So, with that in mind I'd really like to know what happened to the two Hyperion class ships that jumped in with the EA starships Agrippa and Roanoake in Severed Dreams. I never noticed until my brother pointed it out to me. All the other action was so frenetic I just missed it...
 
The effectual disappearance of the two Hyperion ships is something that minorly annoys me too. I can understand not having the money to keep up CGI production to include them in the battle since that episode was such a large CGI-fest, but in that case, the two Hyperion ships should have just been left out completely.

I guess we are forced by circumstance to assume the Hyperion ships are taken out off screen. I still would have preferred to have seen it though.
 
Here's JMS's response on the subject in a reply about Starfuries:

A lot more ships came in with the Roanoke and the Agrippa, support ships and others. Probably more breaching pods. They took out those. They're also used to keep the enemy starfuries from disabling the defense grid on the station, leaving B5 free to use its weapons on the larger target/worse threat.

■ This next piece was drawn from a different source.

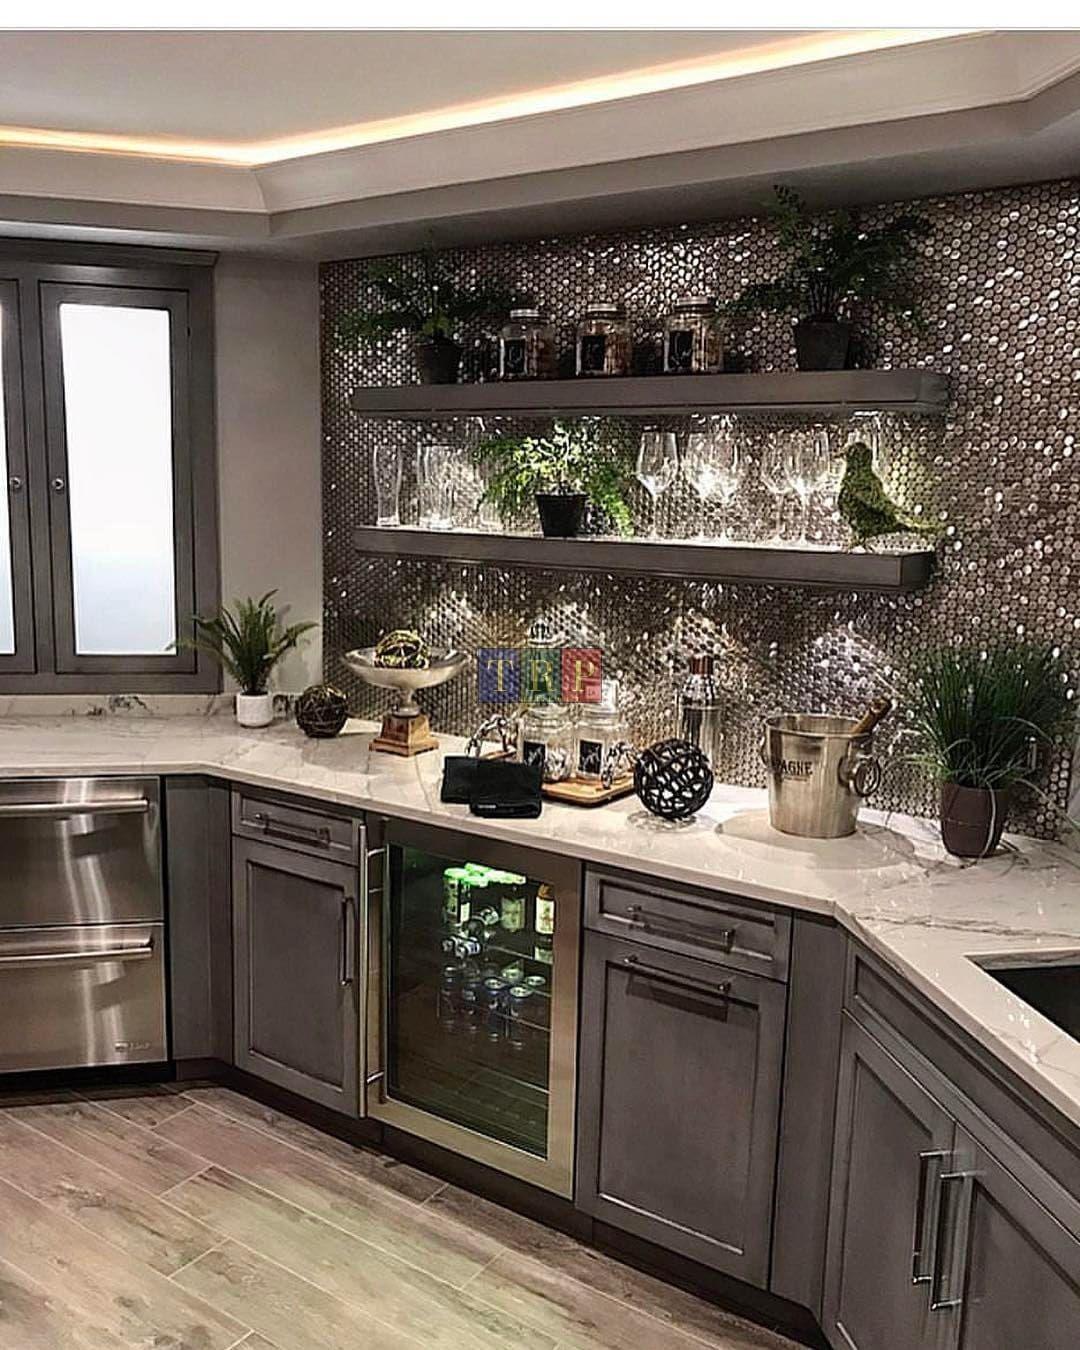 20 Kitchen Basement Ideas Basement Kitchenette Bar Pictures Cost Home Bar Decor Bars For Home Interior Design Kitchen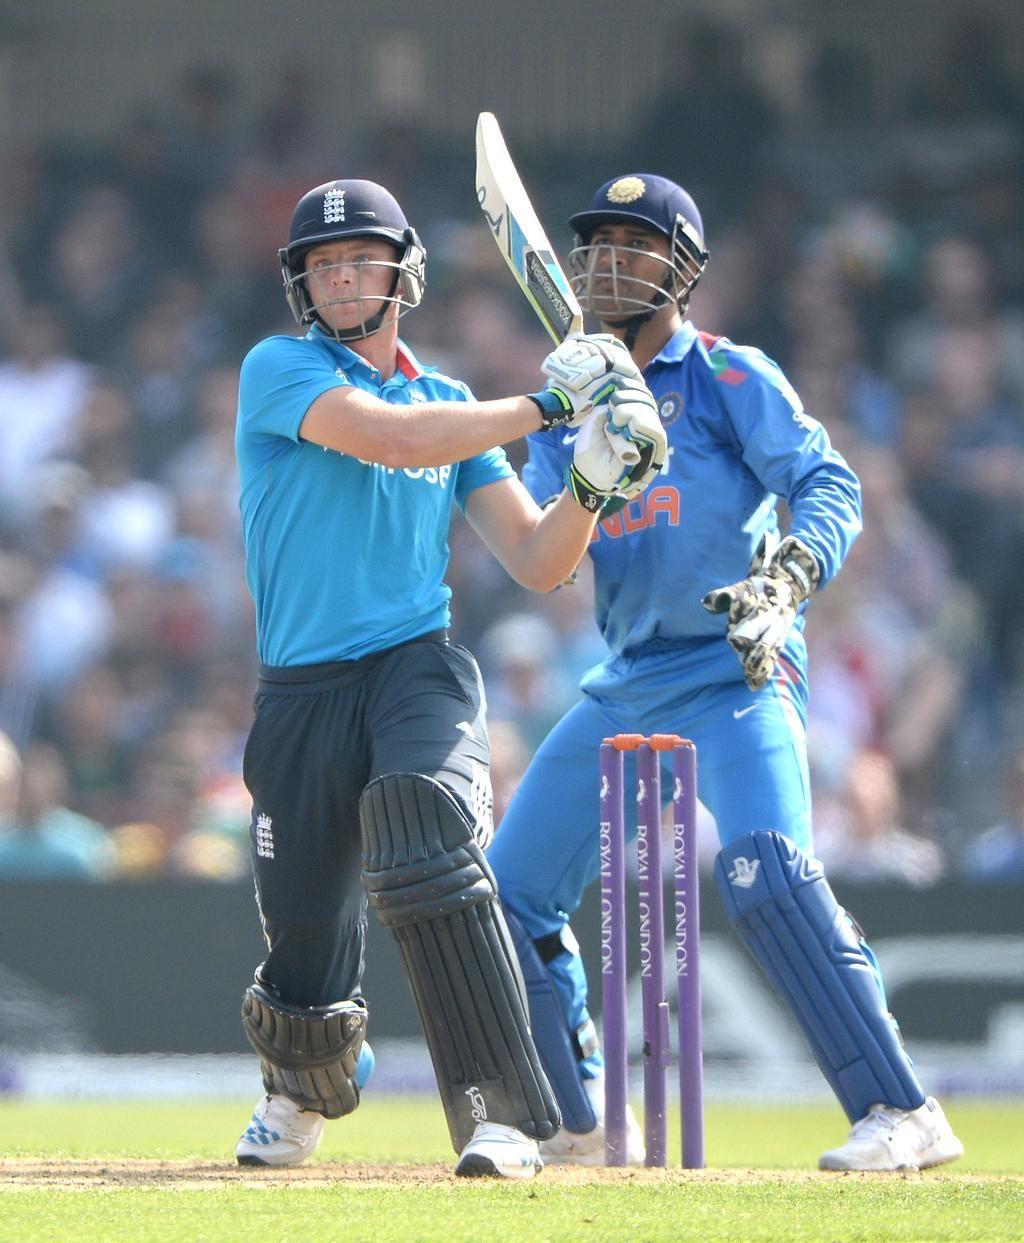 England V India 5th Odi September 5 2014 World Cricket India Photo

They're often used to soften up the enemy. A number of small support ships, including a Hyperion class ship came through as part of the "carrier group" that went after the station. It was up to the starfuries to take care of those ships while B5 and the other destroyers took out the biggest threats.

So, according to JMS, those "missing ships" were taken out off-camera.
 
It still would have been nice to have heard a quick like from Corwin or someone saying the Hyperion ships were disabled/destroyed even if they couldn't show us.
 
No time for that. "Severed Dreams" was filled up to the time limit. Originally, JMS wanted a little more resistance from the Earthforce second wave attack fleet (or at least a dramatic pause), but had to trim that scene short to the point that when Delenn tells them to withdraw, they literally spin around and run for the jumpgate.

More from JMS:
Bear in mind that if we had gone over to the other captains and what was going on in the other ships, to make room for those scenes we would've had to cut anywhere from 3-5 minutes of the other stuff. You can't just add to the show's time; if that goes in, something else has to come out. So you'd probably have to cut the scene between Sheridan and his father since that was the only stand-alone set piece. Any time you write something, you must decide "who is it about?" This episode was about *our characters*, the ones we've come to care about, and how they deal with this. To take away from that and spend time with people we've never seen before, and won't see again, would be to cheat our characters of the time on screen needed to pay off all the things we've set up over the years. Would it have been an interesting aside to show the other captains? Sure. In a movie, with an open-ended running time, I probably would have. But there's nothing I would want to cut out of the episode as it now stands to make room for it.

Why no scenes from the opposition's point of view?

We haven't seen those scenes because we don't know anyone there really, and in an hour show you only have so much time, and within our budget we only can do so much. Every speaking role you add costs thousands of dollars. Every set costs thousands of dollars. We're doing the absolute best we can with a budget roughly 1/2 of any of the ST episodes. If it isn't *absolutely necessary* to the scene, it isn't in. Yeah, seeing some folks in EA talking back and forth about well, maybe this isn't a good idea, maybe it is, well, let's get back to work...it'd be an interesting aside, but in addition to slowing down the pace of the episode, and this one had to move like a house afire, it's just not something I felt we could or should do.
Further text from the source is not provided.